## Task instructions
Should a picture appear anywhere in the data, omit it and copy everything else exactly.

## Collected material
----

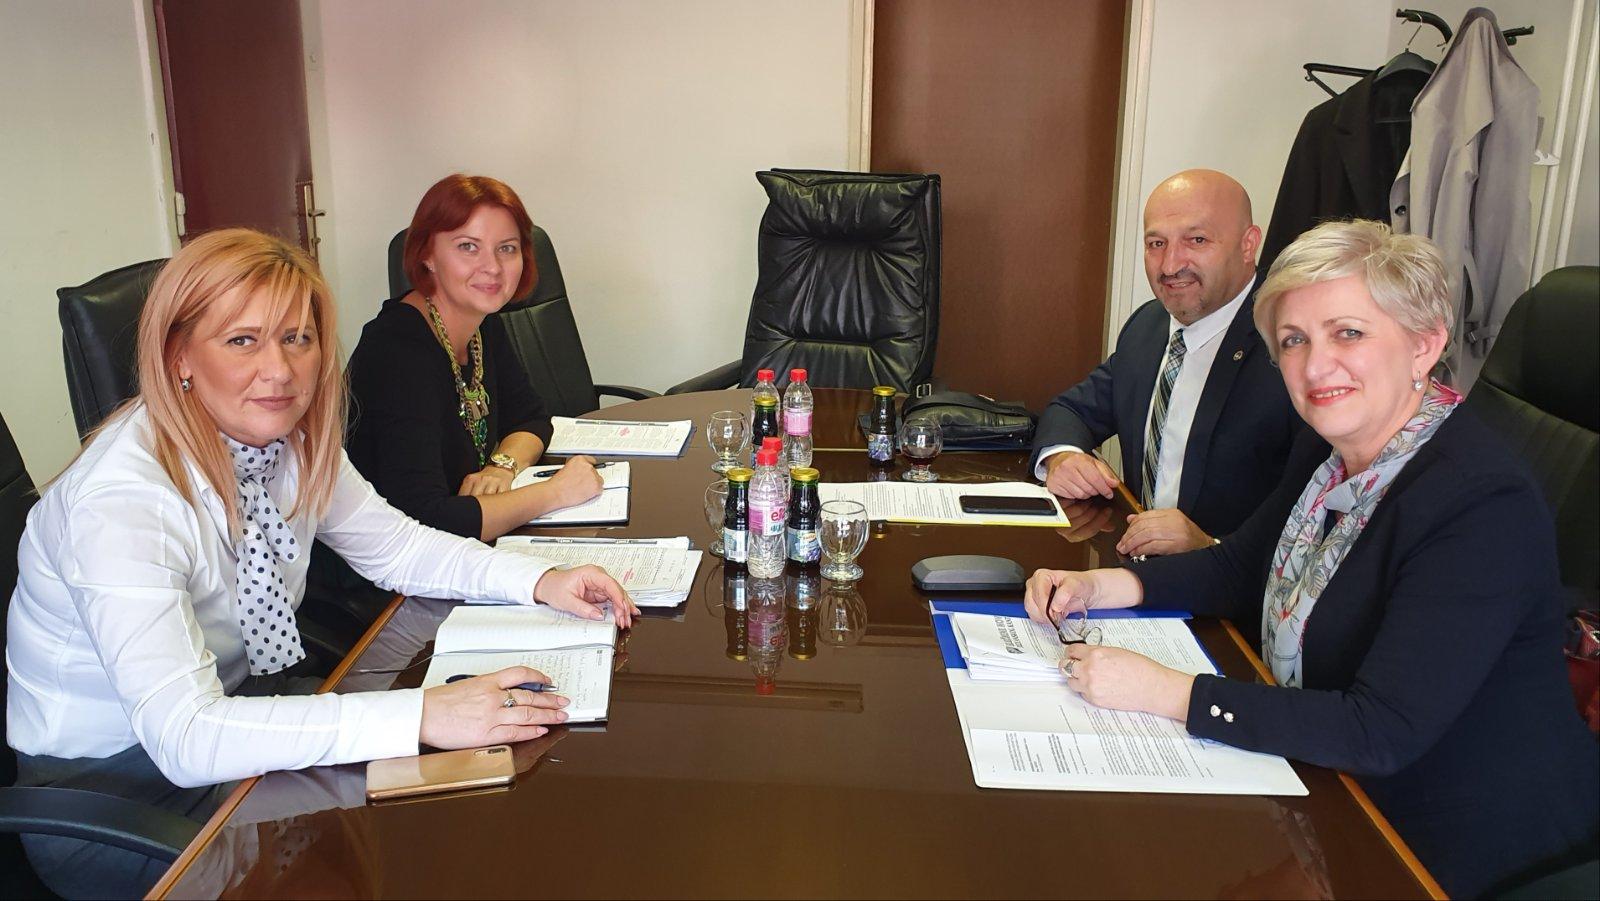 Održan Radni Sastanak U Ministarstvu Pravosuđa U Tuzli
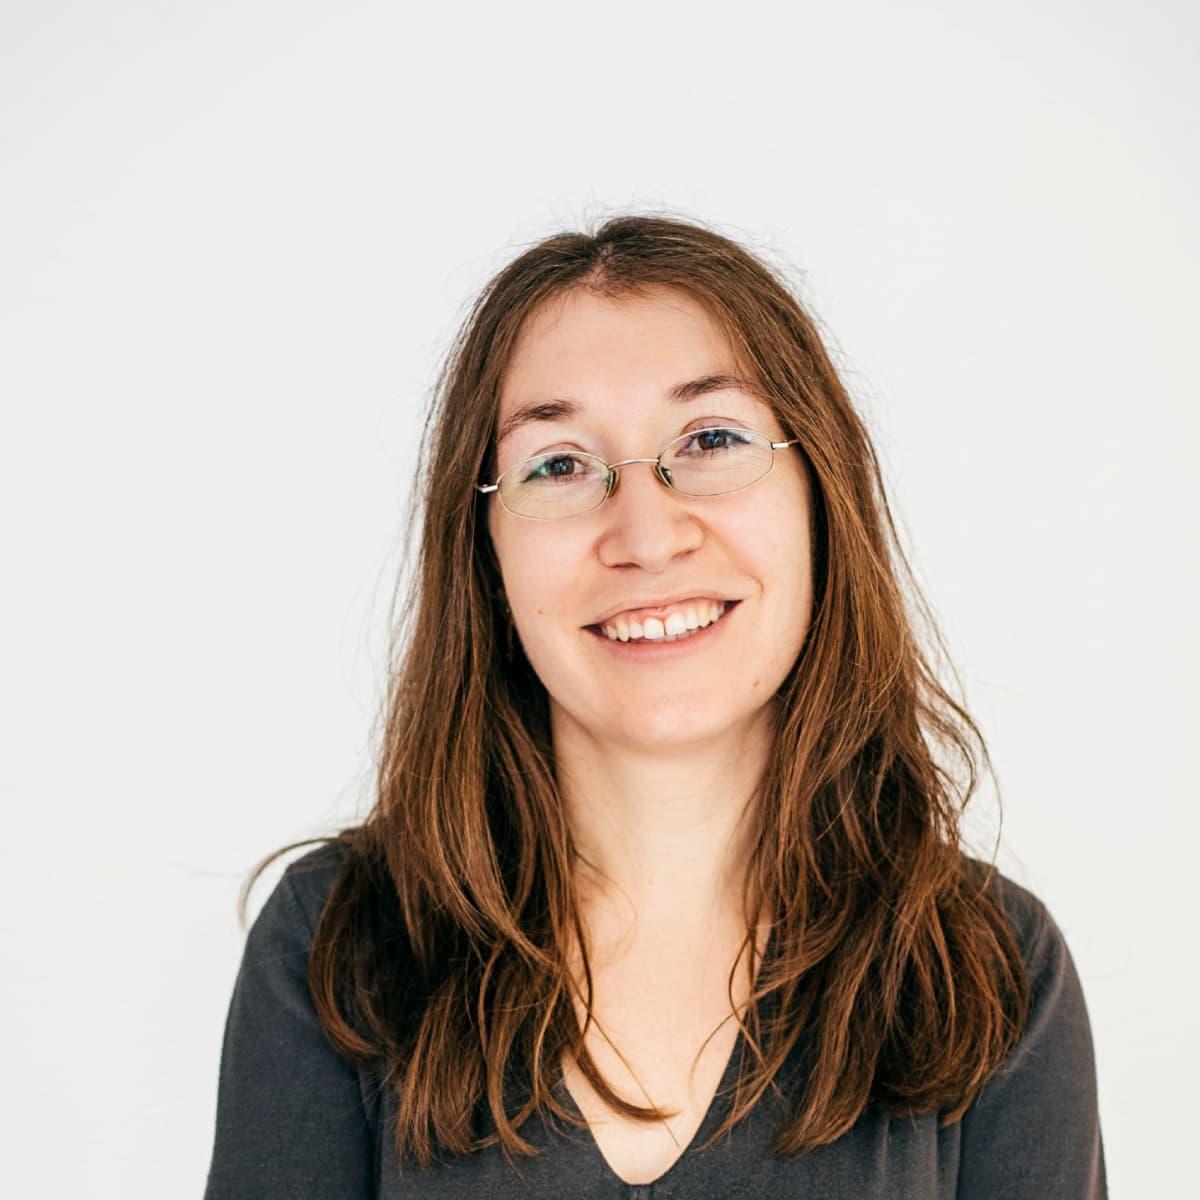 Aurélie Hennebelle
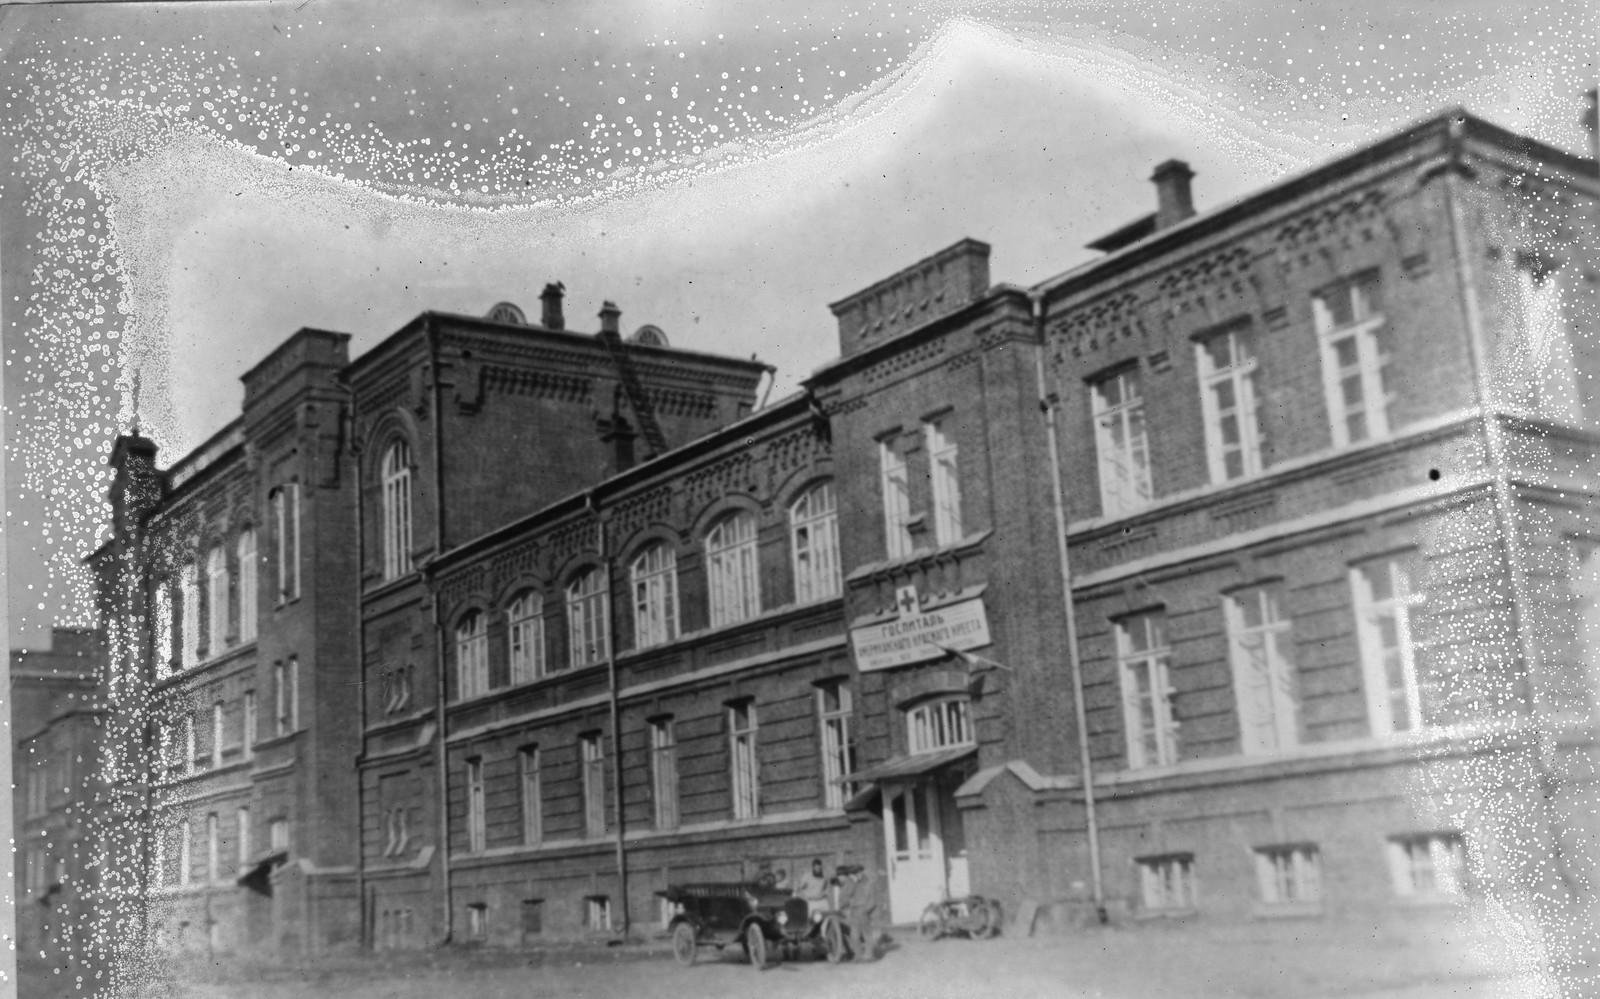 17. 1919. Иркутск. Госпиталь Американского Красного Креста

----

## Result
 Održan Radni Sastanak U Ministarstvu Pravosuđa U Tuzli
 Aurélie Hennebelle
 17. 1919. Иркутск. Госпиталь Американского Красного Креста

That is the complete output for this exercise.